NEW YORK — Investors will be anxiously awaiting even a whiff of strategic guidance when Liberty Media hosts its annual meeting in Gotham today, as John Malone’s media investment vehicle late Wednesday reported a quarterly profit despite revenue falloffs at one of its few wholly owned assets, Starz Encore Group.
A host of possible acquisitions and/or divestitures faces the Denver-based firm, but so far Malone has kept pundits guessing as he moves from one negotiating room to the next.
He is in the process of evaluating Liberty’s 42% stake in QVC and a possible buyout of partner Comcast’s controlling position in the home shopper.

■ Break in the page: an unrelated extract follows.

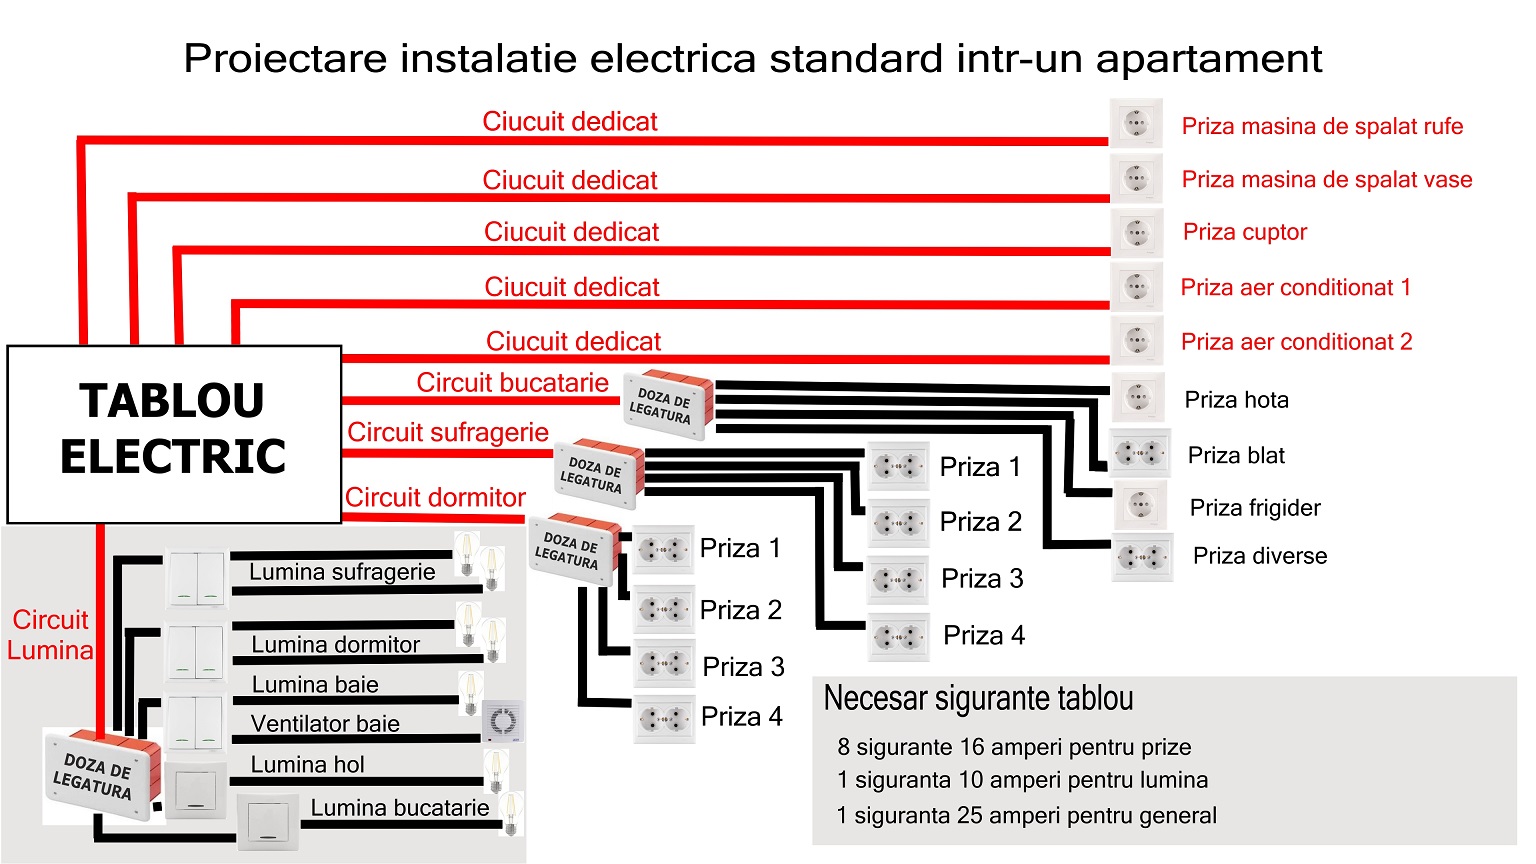 Negotiate Sturdy commitment Instalatie electrica intr-un apartament de 2 camere

The company also has been perusing its options for the Vivendi Universal Entertainment assets, though most consider it a long shot to make an offer for the whole group. Malone’s company has a small minority stake in Viv U and recently filed a suit against it, alleging improper past financial disclosures.
Liberty on Wednesday said that it intends to exercise rights to buy $838 million in USA Interactive stock. Liberty already owns a 20% stake in USA Interactive.
Total net revenues for Liberty fell to $505 million, down from $513 million in the same period last year, while it turned in $135 million in net income for the quarter, compared with a net loss of $1.5 billion net loss in the first quarter last year.
Starz Encore revenue fell 3% in the quarter to $229 million, while operating cash flow increased by 13% to $107 million. The pay TV net reported a 19% increase in average sub units for the quarter.
Company said the ongoing contract dispute with cabler Comcast was to blame for the sales decline at Starz, since it is booking sales according to the Comcast rate card for carriage rather than the premium rate agreement it had under AT&T Broadband before that cable operator was purchased by Comcast. Under accounting rules, Starz did not recognize the $21 million revenue difference between the AT&T and Comcast rates.
At Discovery Networks, half-owned by Liberty, net advertising revenues were up 26% in the last quarter due to an increase in rates and a strong U.S. advertising market, the company said.